As soon as you choose the major that will be inscribed on your magical ticket to a middle-class lifestyle — a college diploma — your path in life will be unalterably changed. Although you might be among the 62.1 percent of Americans that the New York Federal Reserve estimates are not in a job related to their degree, nothing can take away the pride you’ll feel when you proudly declare that you were a double major in microbiology and philosophy.

It’s important to note, though, that if you fail to major in a science, technology, engineering or mathematics (STEM) field and, subsequently, are not able to find a decent job, by definition you are a slacker unworthy of sympathy. 

According to a May 2013 study from the Georgetown University Center on Education and the Workforce, there were significant differences between unemployment rates by major. The study indicated that recent graduates in engineering had approximately a 7.4 percent unemployment rate whereas holders of a liberal arts degree of psychology — my major — had a whopping 8.8 percent unemployment rate. Quite clearly you should base your entire college career around that astonishing 1.4 percent difference or, even better, steer clear of STEM and major in education or recreation, which had 5.7 percent and 5.2 percent unemployment rates, respectively. 

Conversely, you could try to pick a major based on what employers say they want. In the latest survey conducted by CareerBuilder and CareerRookie.com, hiring managers and human resource professionals said that the top two majors they look for are business, 39 percent, and information sciences and technology, 28 percent. Choose one of these majors and you are sure to get a job. 

Sure, 43 percent of employers aren’t even planning on hiring recent graduates and a quarter do not believe that recent graduates have the right skills to be hired, but that’s irrelevant. This is especially true when a whole 10 percent of that quarter believe it’s because there are not enough people with majors they are looking for. With 2.5 percent of employers in need of graduates with specific majors, there is great opportunity — if only you would choose the correct major.

Some might argue with this position and say that choosing your major based solely on career prospects is short-sighted — being mediocre in a major you don’t like will not guarantee you a job. Do yourself a favor and do not listen to these people, because they are probably history majors planning on going to law school or something else ridiculously out of touch (political science comes to mind).

The point is that somewhere in this great University there is a magical major where, if you just fulfill the basic requirements, you are guaranteed a job. Unfortunately, employers are being particularly cagey and refuse to outright state that magic major. Instead, similarly to a survey conducted by the National Association of Colleges and Employers, employers allude to vague skills, such as being able to work in a team and solve problems, as those they most value. These skills can not be attributed to a single major so, logically, the employers must be speaking in code.
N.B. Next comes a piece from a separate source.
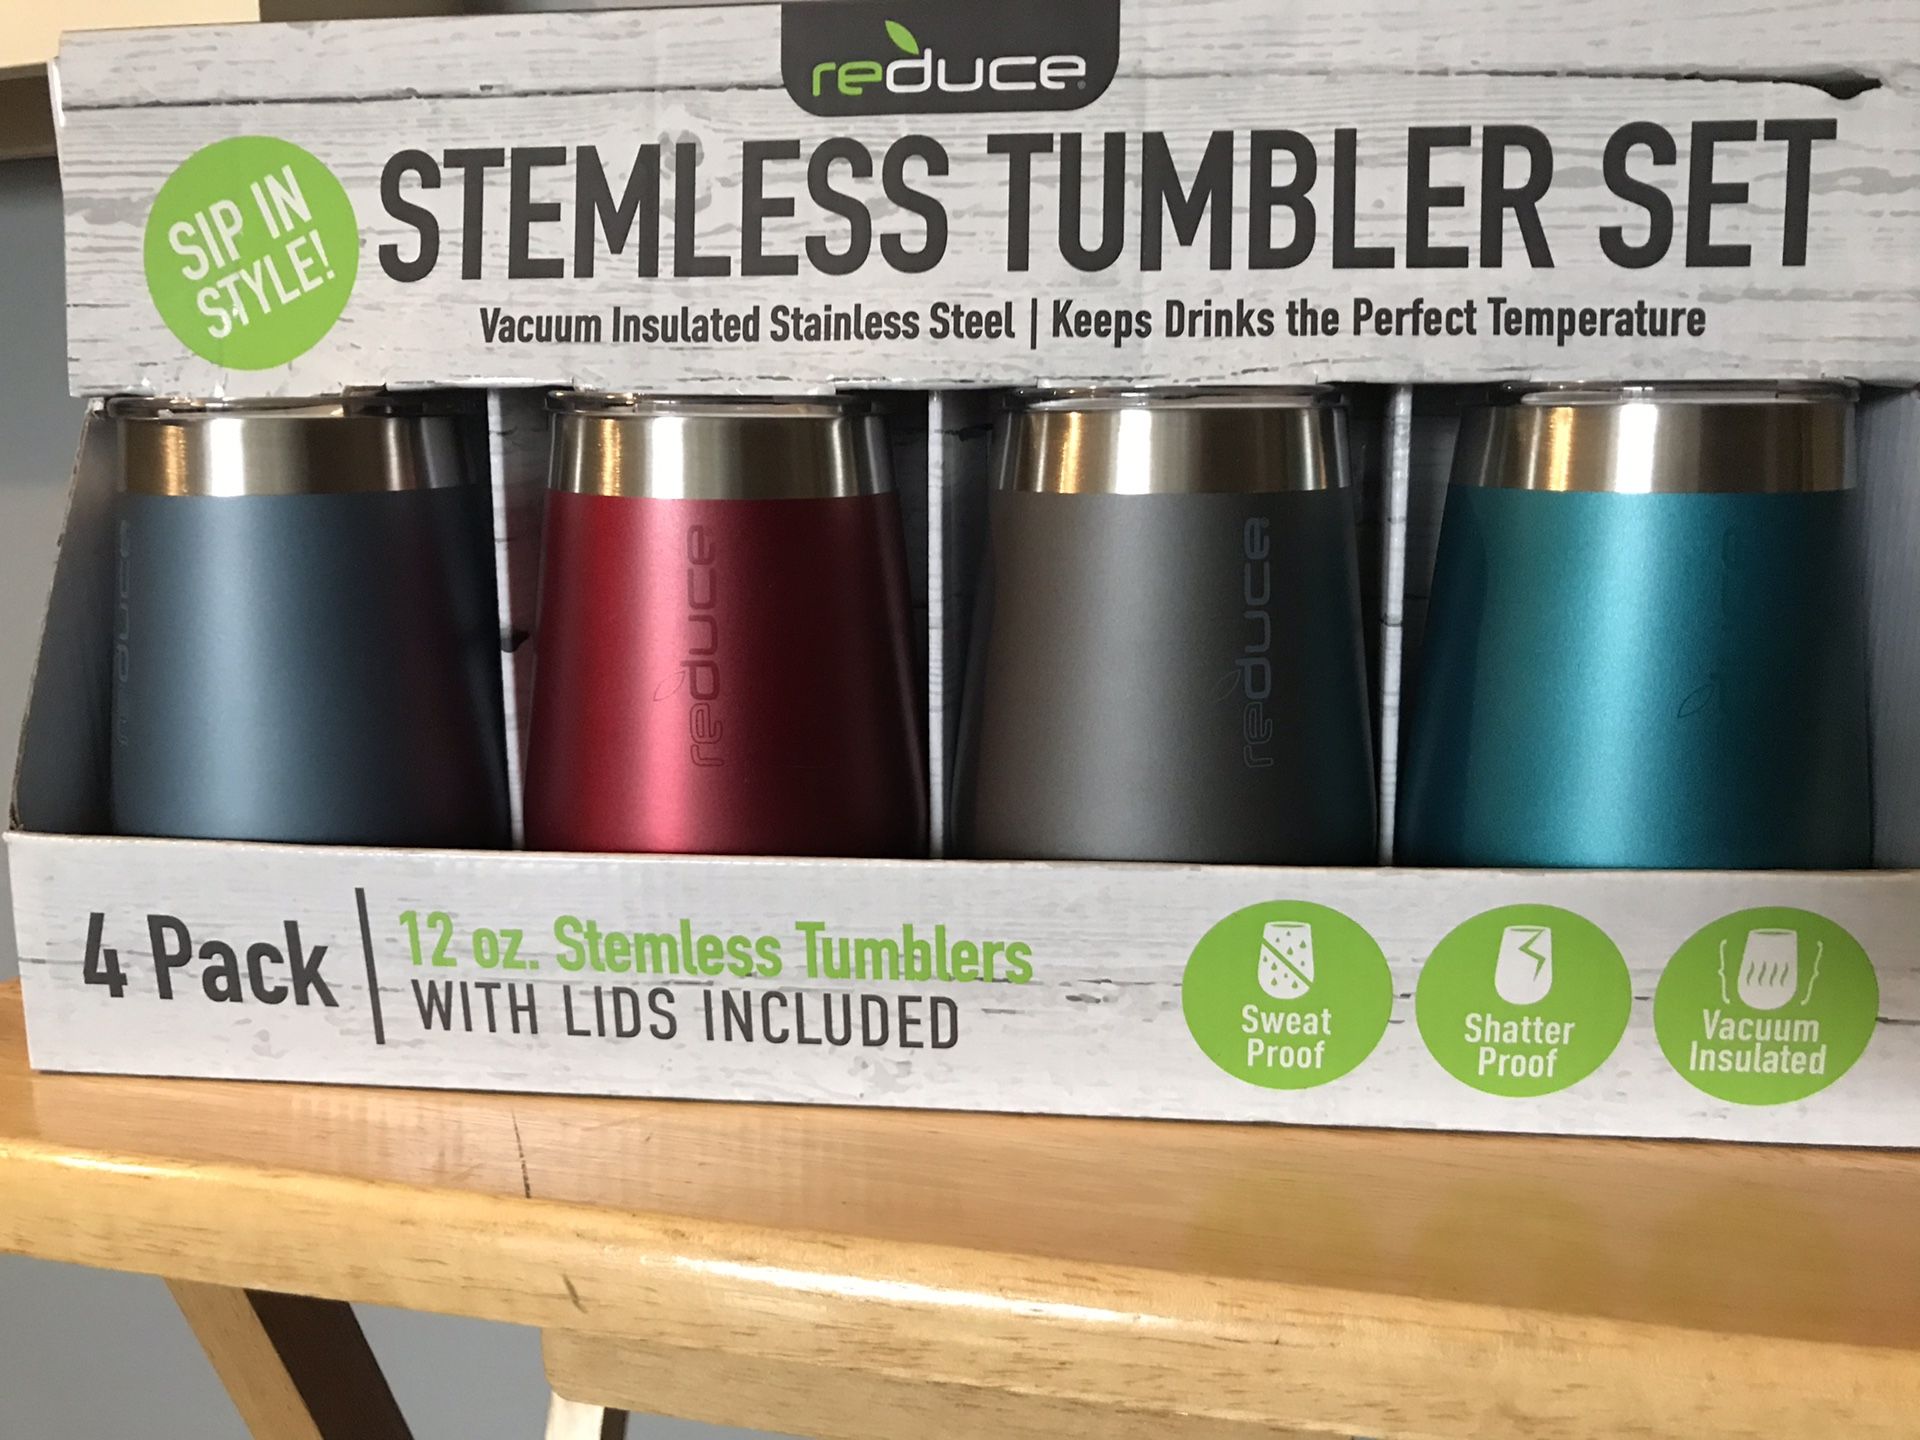 Reduce Stemless Tumbler Set of 4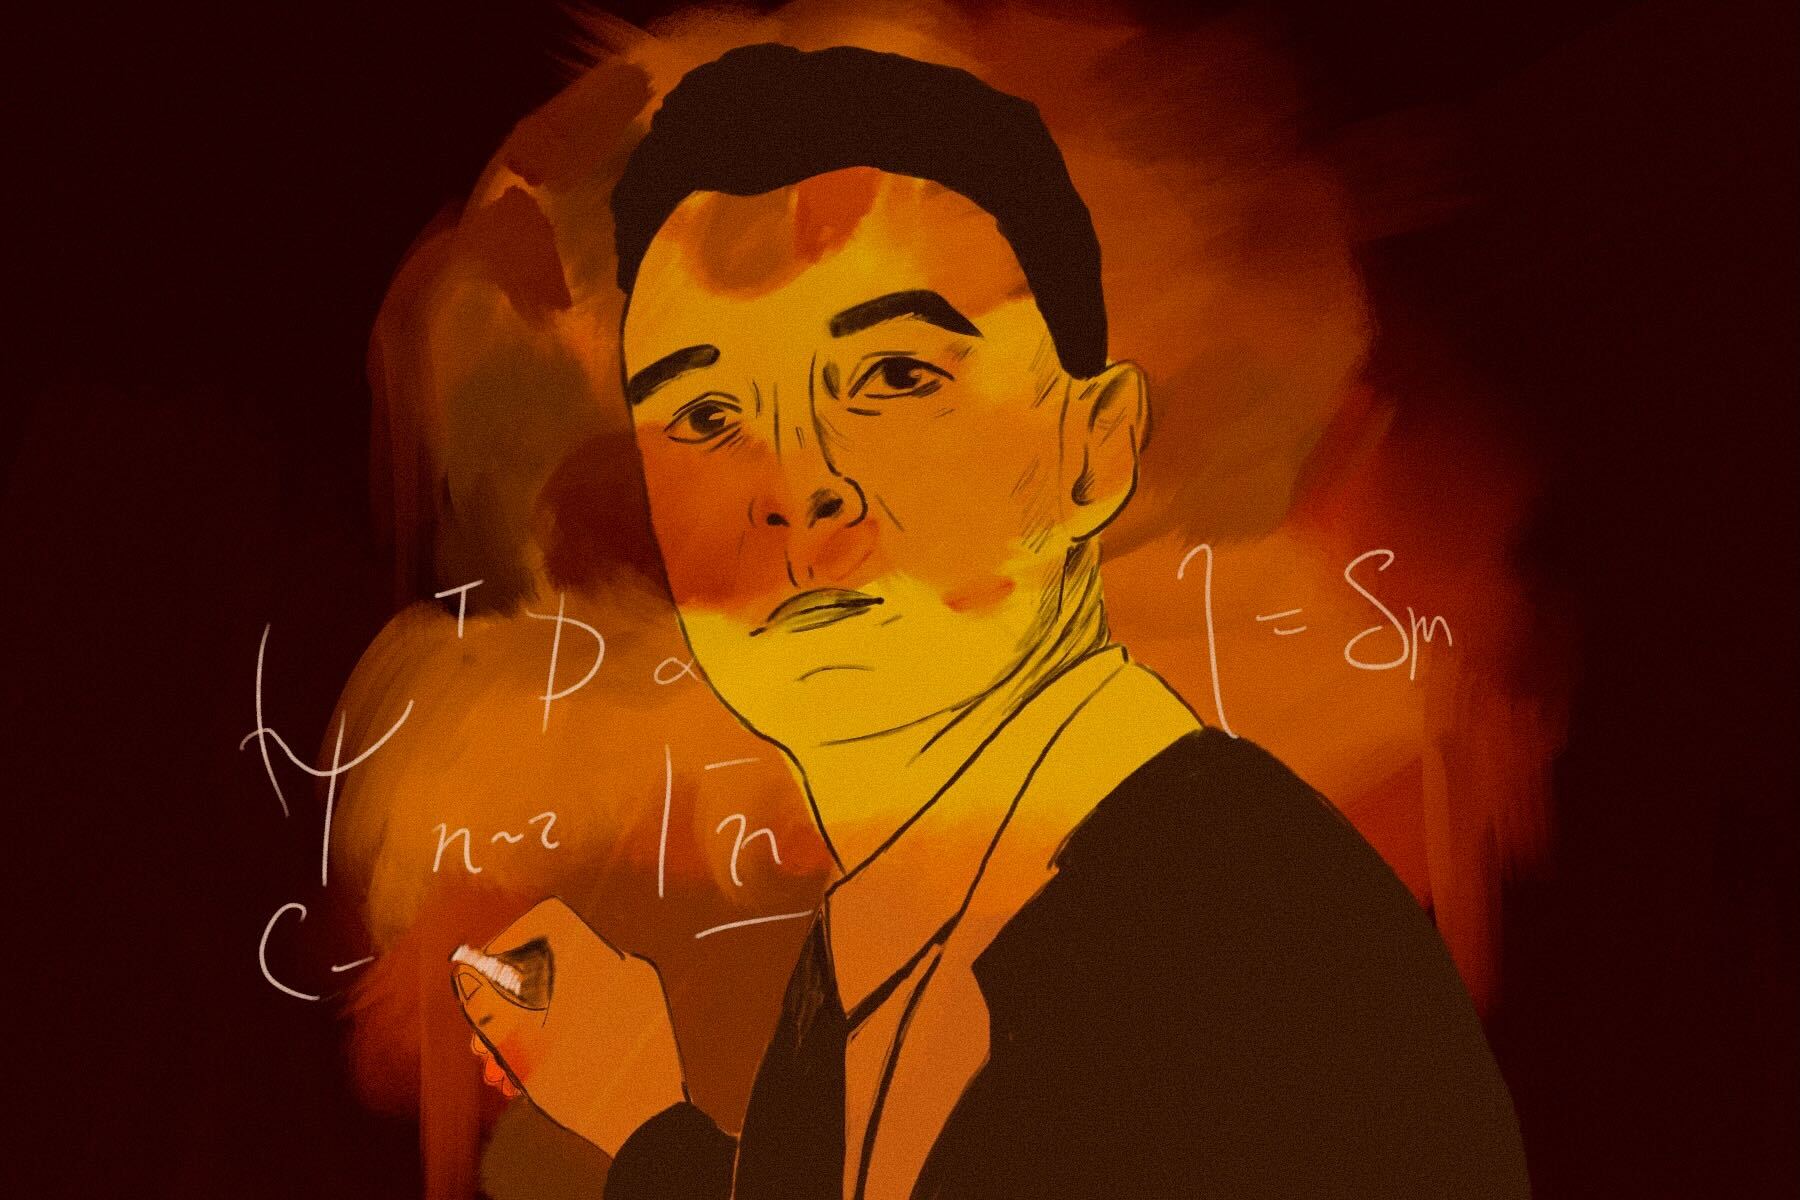 An illustration of J. Robert Oppenheimer writing on a chalkboard

What people really need to realize is that money is all that matters. It is much better to be working a nine-to-five job as an accountant and making six figures than doing what you love for much less. The psychologists who say otherwise in their studies that show spending time with family and friends makes you happier than money are simply trying to justify their degrees. 

I’m sure everyone remembers the legally binding contract with our University that specified the money that would result from completing a degree — the only reason anyone goes to college. In case you didn’t notice, the back of the contract listed the exact starting salary of every major.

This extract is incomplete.